The news followed last night's wider-than-expected fourth quarter loss and details of a plan to slash the price of its flagship exercise bike for the second time this year.

Peloton added the the Department for Homeland Security also asked for "documents related to the reporting of the injuries associated with our products", including the Tread+ treadmill, in papers filed Friday with the Securities and Exchange Commission. The SEC, Peloton said, is "also investigating our public disclosures concerning these matters."
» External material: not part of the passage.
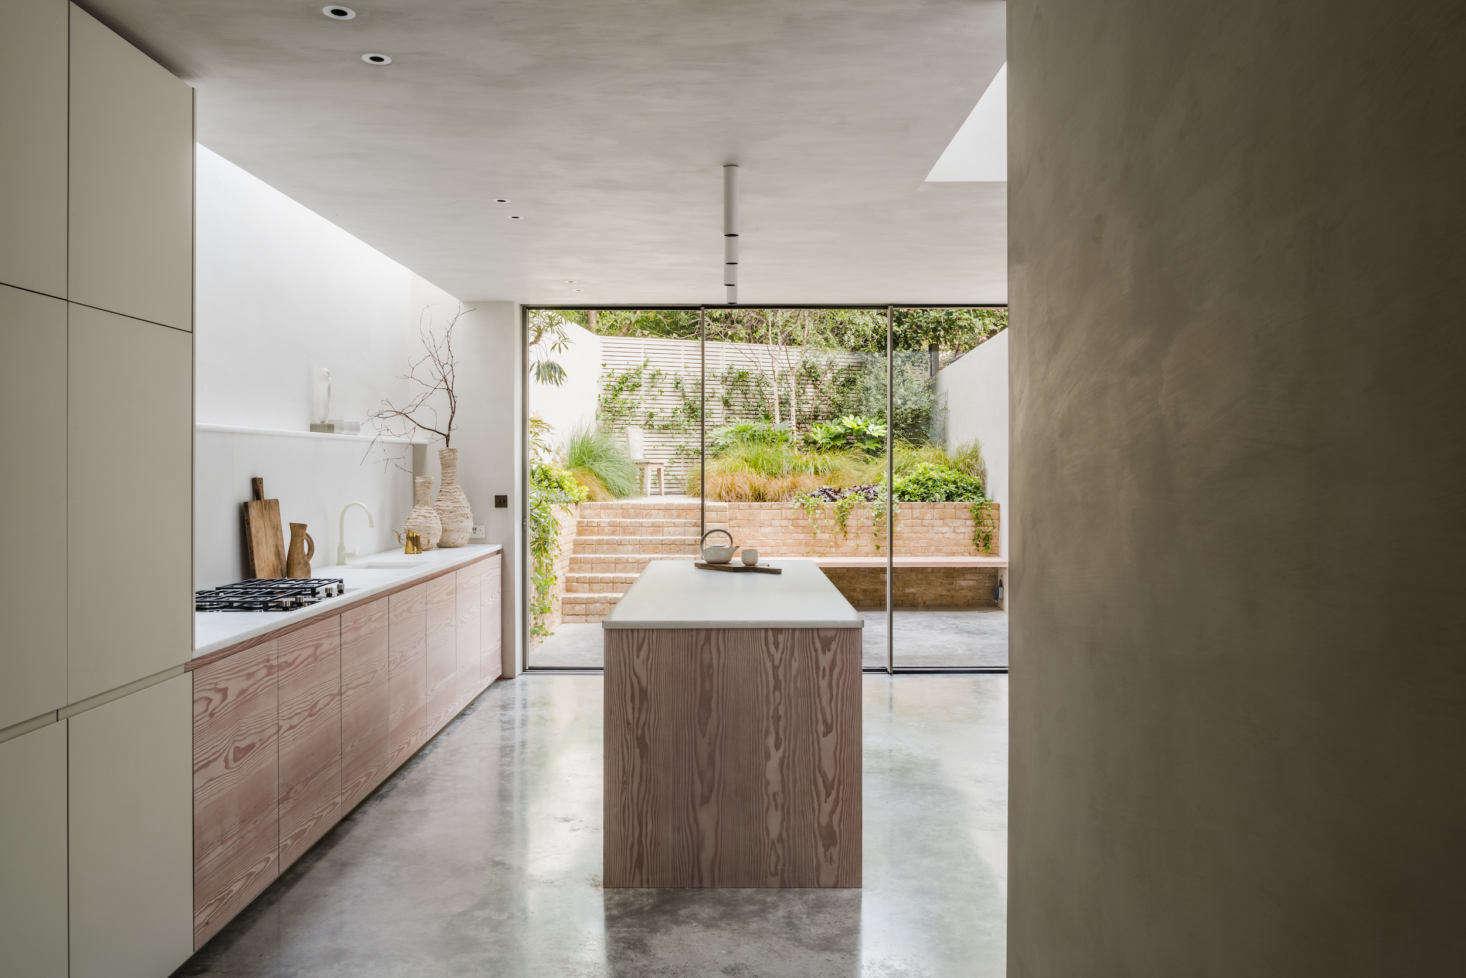 O nível do porão apresenta piso de concreto polido por toda parte e se estende até o jardim, logo após as portas de correr da cozinha.

Earlier this spring, the U.S. Consumer Product Safety Commission (CPSC) issued an 'urgent warning' linked to Peloton's Tread+, noting "multiple incidents of small children and a pet being injured beneath the machines" and adding that its "continuing to investigate all known incidents of injury or death related to the Peloton Tread+."

The warning followed an announcement from CEO John Foley revealed that a tragic accident involving the company's newly-released treadmill has resulted in the death of a young child.

Peloton shares were marked 7.75% lower in pre-market trading Friday to indicate an opening bell price of $105.25 each, a move that would extend the stock's year-to-date decline to around 30.5%.

Peloton reported a fourth-quarter net loss of $1.05 per share on revenue of $936.9 million, compared to a Street consensus forecast of a 44 cents per share loss sales of $929.6 billion.

Peloton announced that it is cutting the price of its original at-home exercise bike for the second time this year Thursday. Starting today, the company's core bike will cost $1,495, a nearly 20% reduction.

Monthly financing for the bike dropped $10 to $39 per month. While the company said the move was to make the bike's more attainable, it could be a sign that competition is increasing in the at-home workout market.